The Company’s performance letters of credit outstanding were $290.6 million and $270.8 million, respectively, at February 28, 2017 and November 30, 2016. The Company’s financial letters of credit outstanding were $141.1 million and $210.3 million, at February 28, 2017 and November 30, 2016, respectively. Performance letters of credit are generally posted with regulatory bodies to guarantee the Company’s performance of certain development and construction activities. Financial letters of credit are generally posted in lieu of cash deposits on option contracts, for insurance risks, credit enhancements and as other collateral. Additionally, at February 28, 2017, the Company had outstanding surety bonds of $1.4 billion including performance surety bonds related to site improvements at various projects (including certain projects in the Company’s joint ventures) and financial surety bonds including $223.4 million related to pending litigation. Although significant development and construction activities have been completed related to these site improvements, these bonds are generally not released until all development and construction activities are completed. As of February 28, 2017, there were approximately $530.3 million, or 45%, of anticipated future costs to complete related to these site improvements. The Company does not presently anticipate any draws upon these bonds or letters of credit, but if any such draws occur, the Company does not believe they would have a material effect on its financial position, results of operations or cash flows.
In January 2017, the Company issued $600 million aggregate principal amount of 4.125% senior notes due 2022 (the "4.125% Senior Notes") at a price of 100%. Proceeds from the offering, after payment of expenses, were $595.2 million. The Company used the net proceeds from the sales of the 4.125% Senior Notes to fund a portion of the cash consideration for the Company's acquisition of WCI and to pay for costs and expenses related to this acquisition as well as for general corporate purposes. Interest on the 4.125% Senior Notes is due semi-annually beginning July 15, 2017. The 4.125% Senior Notes are unsecured and unsubordinated, but are guaranteed by substantially all of the Company's 100% owned homebuilding subsidiaries.
The Company's senior notes are guaranteed by substantially all of the Company's 100% owned homebuilding subsidiaries and some of the Company's other subsidiaries.
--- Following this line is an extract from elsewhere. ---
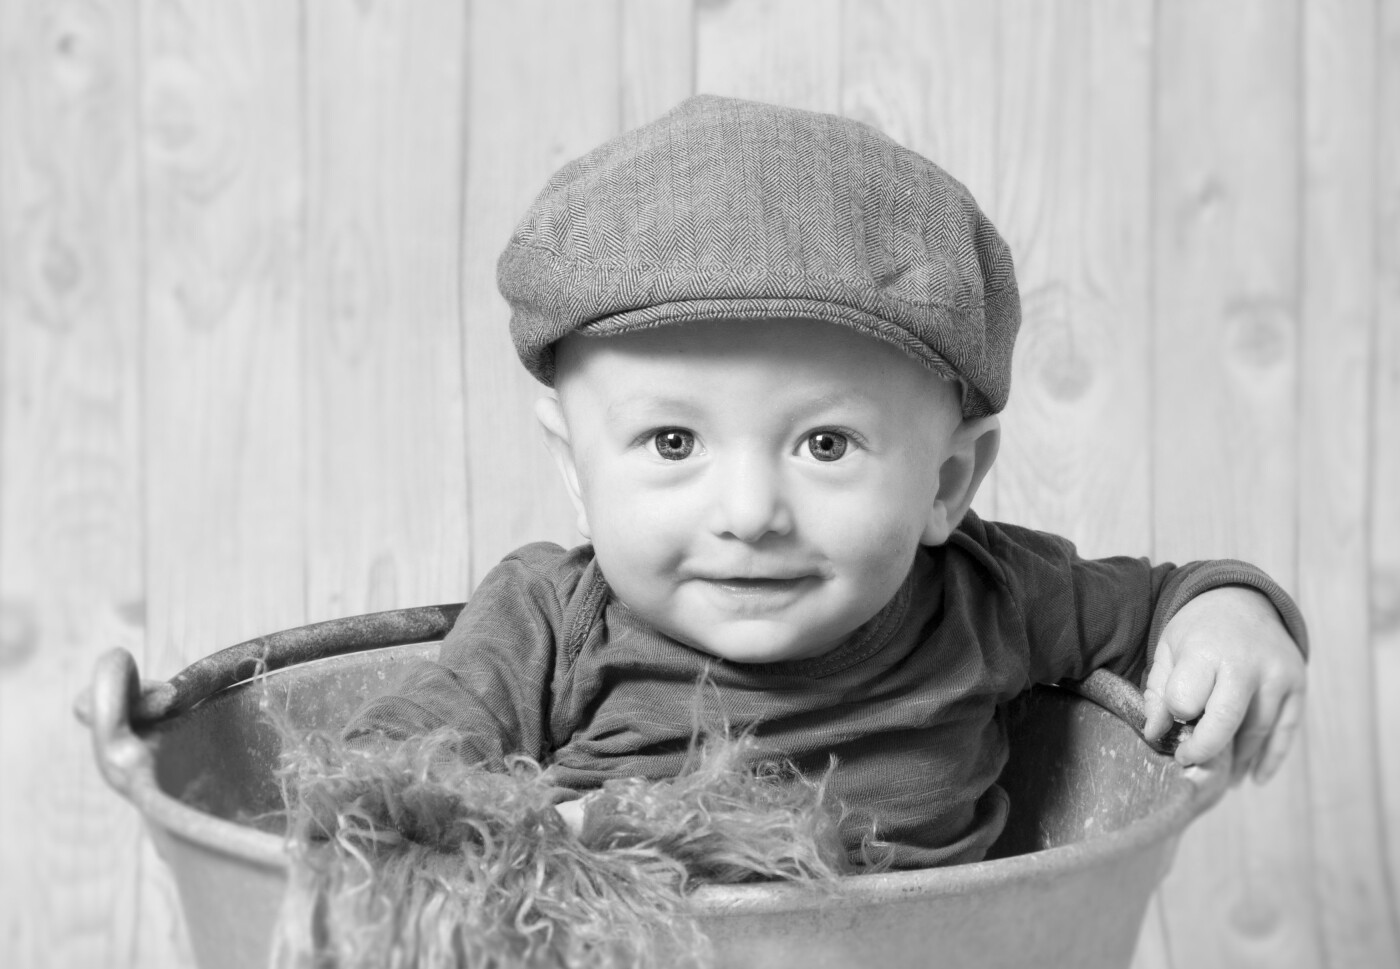 The image is of baby Tjalfe age 4 months. After struggling with kolik since birth this is one of the first pictures of him smiling. Tjalfe is sitting in a vintage milk bucket from the fifties.

Although the guarantees are full, unconditional and joint and several while they are in effect, (i) a subsidiary will cease to be a guarantor at any time when it is not directly or indirectly guaranteeing at least $75 million of debt of Lennar Corporation (the parent company), and (ii) a subsidiary will be released from its guarantee and any other obligations it may have regarding the senior notes if all or substantially all its assets, or all of its capital stock, are sold or otherwise disposed of.